Потом Ася сказала: «Я бы очень хотела посмотреть твои картины».

В те годы я был талантливым многообещающим юным художником. Во всяком случае, дома так считали. Но не только дома. Знакомые художники очень меня хвалили. У меня есть слабая надежда, что они хвалили меня не только потому, что они дружили с моим папой. Может быть, в моих картинках в самом деле что-то было. Ведь у меня было целых две выставки и несколько публикаций. Обо мне даже писали в газете «Комсомольская правда». Правда, к шестнадцати годам это всё начало куда-то испаряться – весь талант, вся оригинальность, вся необычность и все яркие цвета. Говорят, это обычное дело. Все дети гениально рисуют. Что ни ребенок, то Матисс или Шагал. Но вот когда начинают усы пробиваться, всё это куда-то девается. Не знаю, в усах ли дело, но должен признаться честно: все мои попытки серьезно обучаться живописи ни к чему хорошему не привели. Я уныло ходил в художественную школу, развозил по бумаге акварельную грязь и тосковал от необходимости рисовать кувшин, яблоко и чучело вороны. И дома перед чистым листом ватмана я тоже вдруг начал теряться. Если раньше картинка выходила сама, то потом она стала какой-то вымученной, высосанной из пальца и поэтому некрасивой, неинтересной. Папа мне однажды так и сказал: «Не мучай ты себя».

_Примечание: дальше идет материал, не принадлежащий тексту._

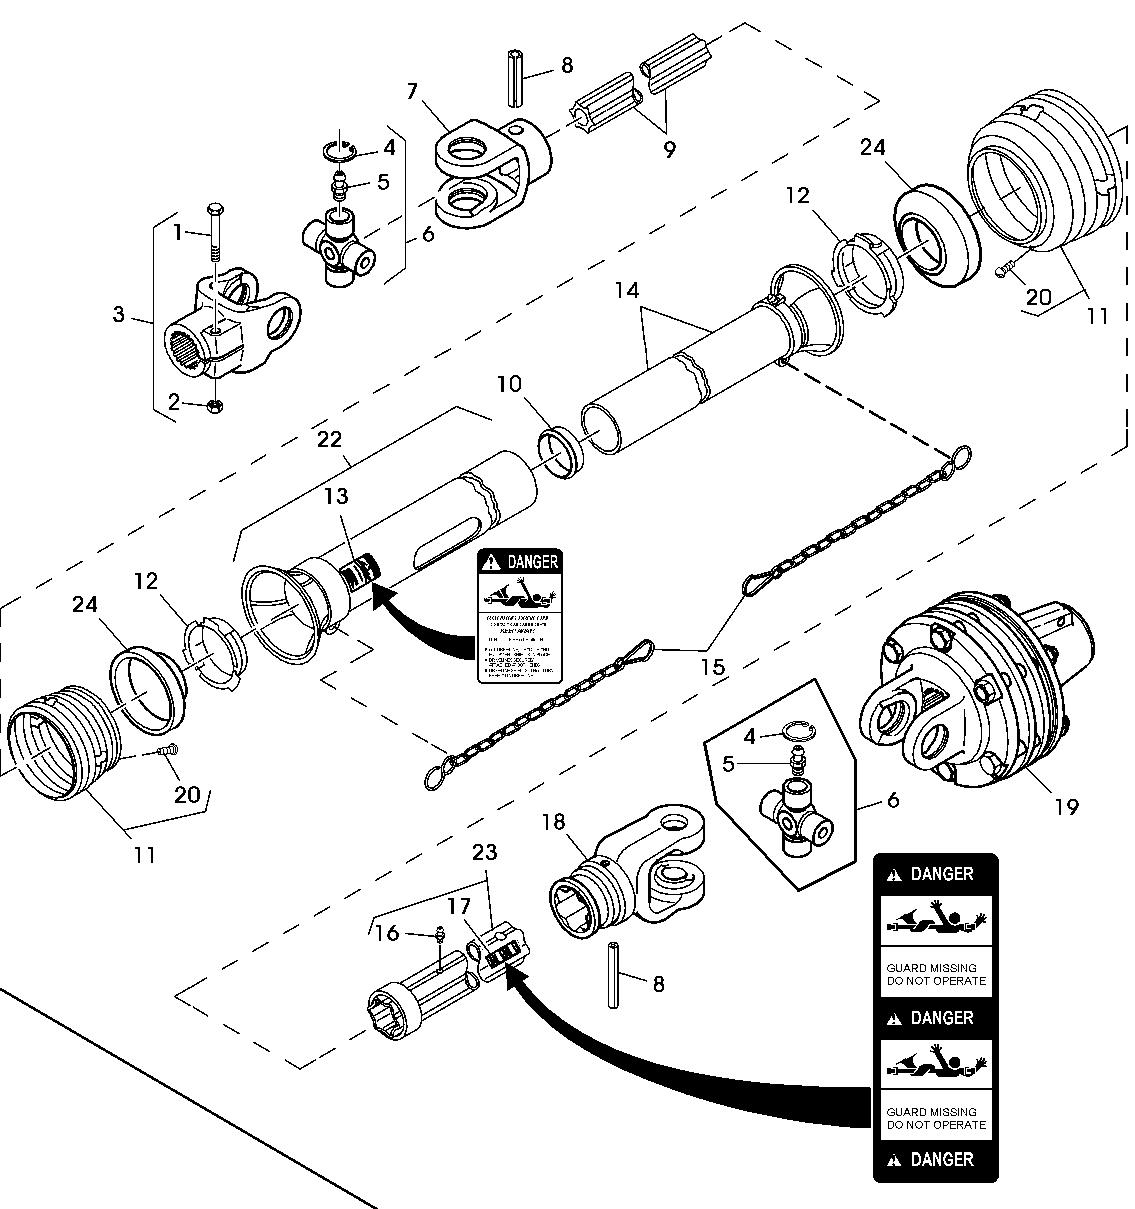 Hesston Parts Service

Вот тогда, когда Ася сказала, что хочет посмотреть мои картинки, я уже рисовал мало и плохо, хотя мои хорошие картины висели по всем стенам нашей квартиры в Каретном ряду.

И я, сам не знаю почему, сказал: «Прости, пожалуйста, но я сегодня не могу принять тебя». Вот такую странную, претенциозную, вымученную, как мои последние картинки, фразу сказал я ей. Это было бесконечно глупо и страшно невежливо. Не только по отношению к ней, но и ко всему ее семейству, с которым наша семья так дружила. И ведь дома у меня всё было прекрасно – чисто, светло, красиво и весело. Мама и папа были дома. Были бы радостные крики. Мама бы накрыла стол. Мы все вместе попили бы чаю. Я бы показал ей свои картинки, потом мы бы посидели в моей комнате, поговорили бы. Потом я бы ее проводил до дома и, может быть, мы бы даже поцеловались на прощанье, хотя бы слегка, в щечку.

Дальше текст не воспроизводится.